Can a consumer successfully challenge an ‘excessive’ cancellation fee under the Consumer Rights Act 2015?

The High Court recently answered this question in Casehub Limited v Wolf Cola Limited. In this case, the defendant (W) sold cloud storage solutions to consumers on its standard terms and conditions. It charged customers a £20 per month subscription fee for a minimum fixed term of 12 months. If the customer terminated the agreement within the minimum term, a cancellation fee was payable, calculated as a lump sum equivalent to the total of the monthly charges remaining during the minimum term less a discount of 10% to reflect early payment by the customer.

Due to system problems, a number of W’s customers were unable to access the service and terminated their agreements within the first month. They were charged a cancellation fee of £196 each in accordance with W’s terms and conditions.

The claimant (C) took assignments from three customers of their claims against W to be refunded the cancellation fees and sued W. C argued that the cancellation fee provisions in the terms and conditions were unlawful. The specific ground of attack was that the provisions were unfair under Part II of the Consumer Rights Act 2015 (CRA).

What does the CRA say? 

The unfair terms provisions in Part II of the CRA implement the Unfair Contract Terms Directive (93/13/EEC) in the UK, and revoke the Unfair Terms in Consumer Contracts Regulations 1999. Section 62 CRA provides that an unfair term of a consumer contract is not binding on the consumer. A term will be unfair if “… contrary to the requirement of good faith, it causes a significant imbalance in the parties’ rights and obligations under the contract to the detriment of the consumer.”

Section 64(1)(b) CRA provides:

“A term of a consumer contract may not be assessed for fairness under section 62 to the extent that […] the assessment is of the appropriateness of the price payable under the contract by comparison with the goods, digital content or services supplied under it.

The court had to decide if the cancellation fee provisions constituted the “price payable under the contract by comparison with the … services supplied under it”. It held that, although the cancellation fee clearly did not comprise the price payable under the contract, it was a monetary obligation on the customer which formed part of it. The cancellation fee was, in other words, part of the overall price package. Accordingly, it was excluded from a fairness challenge by S64(1)(b) CRA.

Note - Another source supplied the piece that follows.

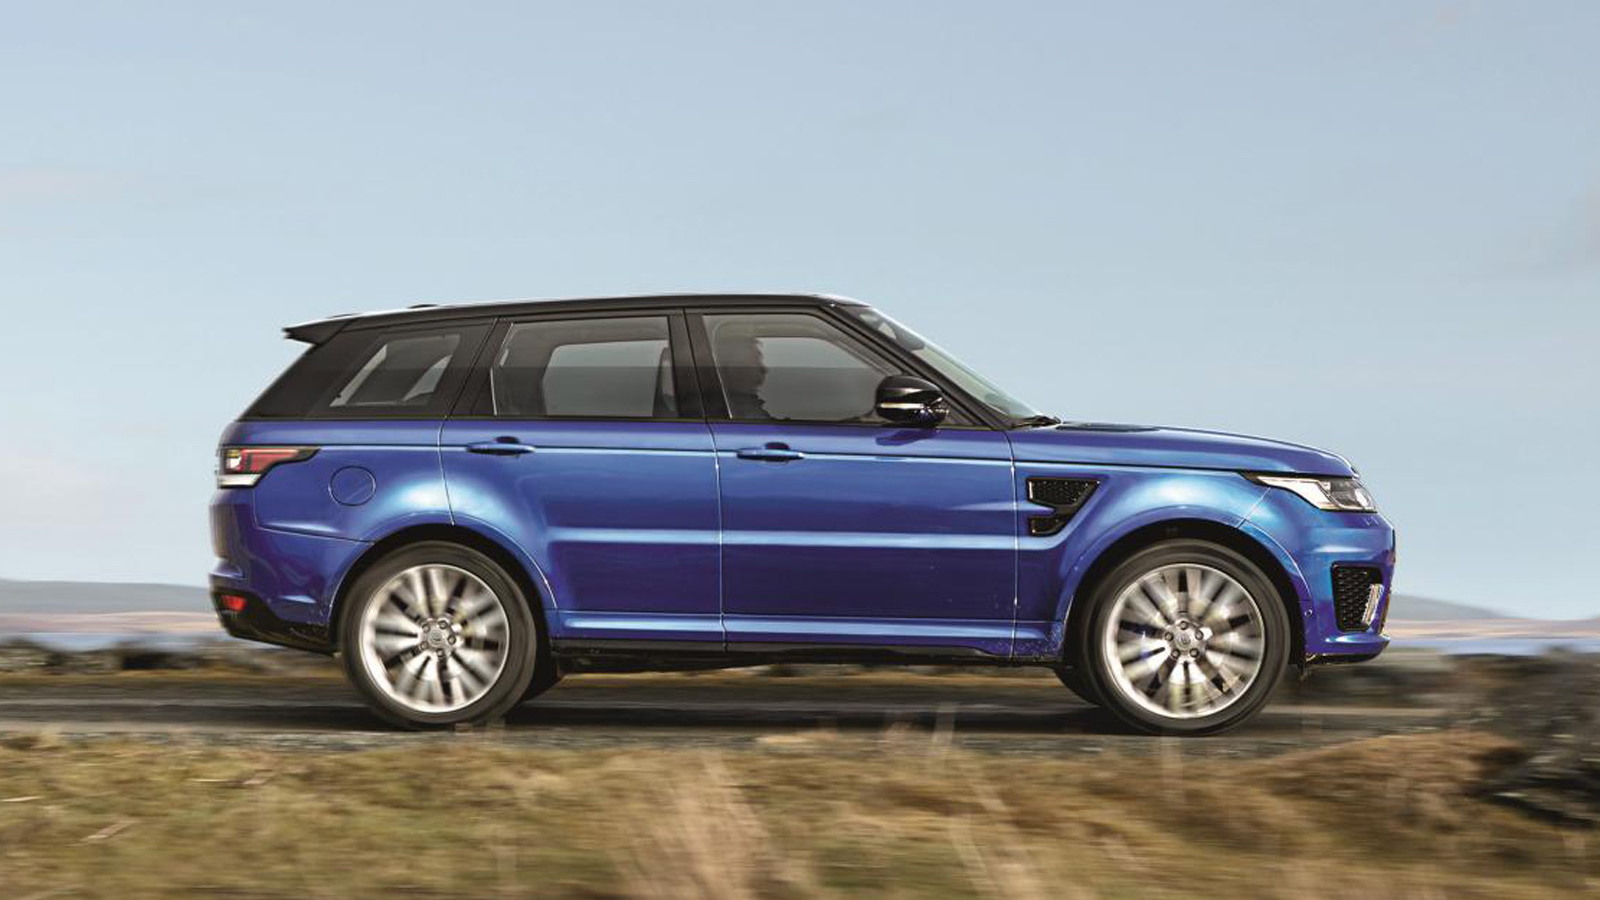 2015 Land Rover Range Rover Sport SVR Revealed: Video

The court also considered in detail whether it was permissible for C to take an assignment of the individual consumers’ claims for the purposes of pursuing legal action against W. The question was whether such assignment offended against the public policy laws of maintenance and champerty (i.e. support of litigation in which a party has no legitimate and genuine interest (maintenance) or where they receive a share of the damages (champerty)). The judge held that the assignment of the claims to C was both valid and permissible.

What are the implications?

In its guidance (‘CMA 37’), the Competition and Markets Authority (CMA) explains that the purpose of the S64(1)(b) exemption is to “remove any risk of unnecessary regulation of the […] price in the contract. In a free market economy, parties to a contract are free to shape the principal obligations as they see fit. The relationship between the price and the goods or services provided is determined not according to some legal formula but by the mechanism of the market.” The CMA goes on to say that the S64(1)(b) exemption:

does not operate to exempt payment terms as such – and particularly not indiscriminately. Rather, it covers terms that go directly to the question of whether the contract price can be considered to be ‘adequate’ or ‘appropriate’ as compared with what is supplied in return … the focus is not on price alone but on the quality/price ratio of the goods or services supplied.”

From the consumer’s perspective, the decision in Casehub v Wolf Cola may appear unsatisfactory – indeed C argued that it was directly at odds with rulings on the point by the European Court of Justice (although the High Court doubted if that was the case). It is noteworthy that neither party was legally represented in court. If they had been, the judge may have been persuaded to make a reference to the European Court of Justice for guidance on the relevance of its earlier rulings, and that may have changed the outcome in this case.

The High Court was at pains to highlight the distinction made by the CMA in its guidance – that what was excluded here was only a challenge on the basis that the fees were excessive in comparison with the services supplied in return (in other words, price versus value). The court made it clear that the cancellation provisions could still be assessed for fairness on the basis that they were otherwise unfair.

Note that in Casehub v Wolf Cola, C may have been able to attack the cancellation provisions as being grey-listed and, therefore, assessable for fairness. For example, Schedule 2 CRA includes as a grey-listed term “a term which has the object or effect of requiring that, where the consumer decides not to conclude or perform the contract, the consumer must pay the trader a disproportionately high sum in compensation or for services which have not been supplied.” However, this argument was not advanced.

The takeaway from this ruling for suppliers is that, although price provisions (including cancellation fees) can never be subject to a ‘price versus value’ type assessment, they are not exempt from the fairness requirement entirely. Suppliers should be mindful of this when drafting price provisions into their terms and conditions.